The Standing Ovation Award

(Character Most Deserving of Receiving Their Full Potential)

Kili from The Hobbit trilogy

When I talked about The They Deserve an Award Award, I brought up Auggie’s quote from Wonder. Last November, I created a list of characters who didn’t receive their full potential. With both of that said, I decided to create an award category where I recognize a character that I feel should receive the full potential they deserve. In my tag post, My take on The “Flaming Hot…5 Reasons Why” Tag, I brought up Kili from The Hobbit trilogy. Since I saw all three movies for the first time last year, Kili would be eligible for this award. In that aforementioned tag post, I claimed how Kili was, in my opinion, the MVP of Middle-Earth. This is because there are several attributes that make him a likable character, such as his humbleness toward his royal title. Throughout the trilogy, I was rooting for Kili to achieve his full potential, which I feel could have been possible. But, without spoiling this story, his potential was ultimately denied. I do plan on writing at least one editorial about Kili, so stay tuned!

The Honorable and Dishonorable Mention Award

(Best and Worst Movie from the Honorable and Dishonorable Mention Category)

Best – Akeelah and the Bee, Worst – Hallmark Hall of Fame’s The Corsican Brothers

Whenever I publish my best and worst movies of the year lists, I receive few opportunities to talk about the movies in my Honorable and Dishonorable Mention categories. In fact, the only times I talk about these movies are when I get the opportunity to review them on my blog. Therefore, I created an award category to recognize these films. Akeelah and the Bee was such a pleasant surprise for me! It was a feel-good story that felt sincere in the messages and delivery. There were even interesting twists that I did not see coming. Without spoiling the movie, the script did a good job at avoiding a cliché when it comes to competitions in movies. I’m glad I checked out Akeelah and the Bee, as the film was time well spent!

Last October, I reviewed Hallmark Hall of Fame’s The Corsican Brothers for the Devilishly Delightful Donald Pleasence Blogathon. After seeing some adaptations of Alexandre Dumas’ stories, I thought I knew what to expect from the 1985 made-for-tv movie. But the longer I watched The Corsican Brothers, the more disappointed I became. This story was not the exciting tale with adventure and intrigue I was hoping for. Instead, it was a confusing film with little to no use of urgency. As of the publication of this award post, I still have not read this movie’s source material. Therefore, I don’t know which parts of the production are creative liberties.

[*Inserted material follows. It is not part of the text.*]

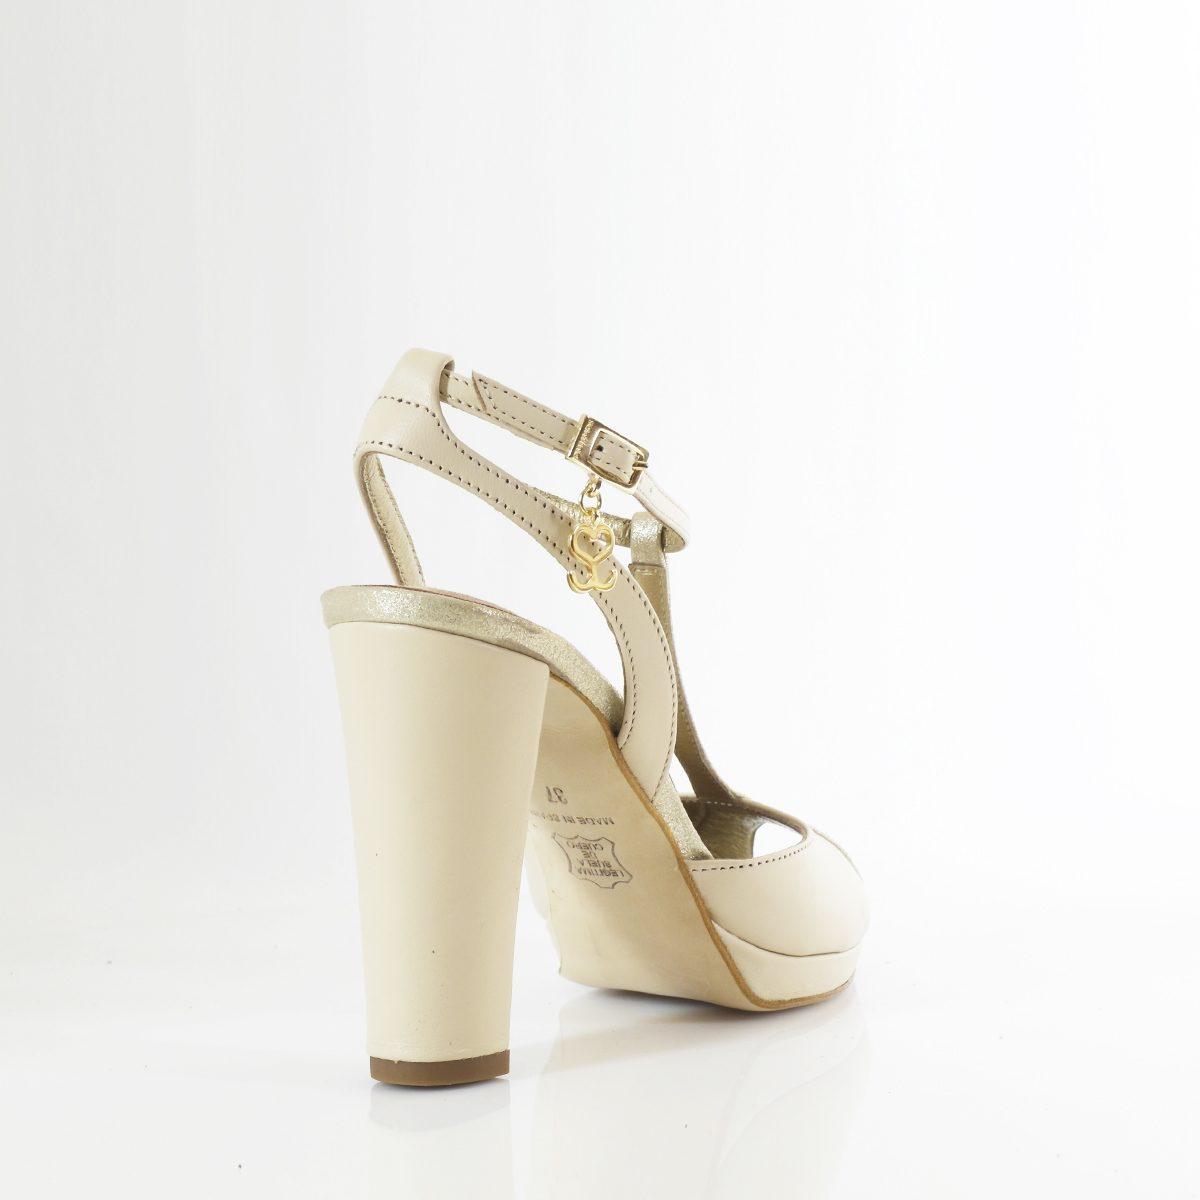 SANDALIA MOD.1637 (10cm) - Zapatos personalizados fiesta

The Nosferatu vs. Dracula Award

(Two Movies That Feel Like You’re Watching the Same One)

Harvey (1950) and Hallmark Hall of Fame’s Harvey (1972)

For a Blog Follower Dedication Review, I wrote about 1931’s Dracula. Because I had seen Nosferatu prior to watching Dracula, the 1931 film felt like a re-tread of its predecessor. I even told my readers if they had seen Nosferatu, they’d already seen Dracula. Last year, I reviewed two versions of Harvey; the 1950 movie and the Hallmark Hall of Fame adaptation from 1972. Though I liked the Hallmark Hall of Fame movie more than its predecessor, I didn’t like how it was a copy of the 1950 film. The movie’s sets even looked almost exactly like they did in the 1950 production. If you’ve never seen any version of this story, I’d recommend only seeing 1972’s adaptation of Harvey.

The Hallmark Hall of Fame Award

(Movie That Feels Like It Belongs in the Hallmark Hall of Fame Collection)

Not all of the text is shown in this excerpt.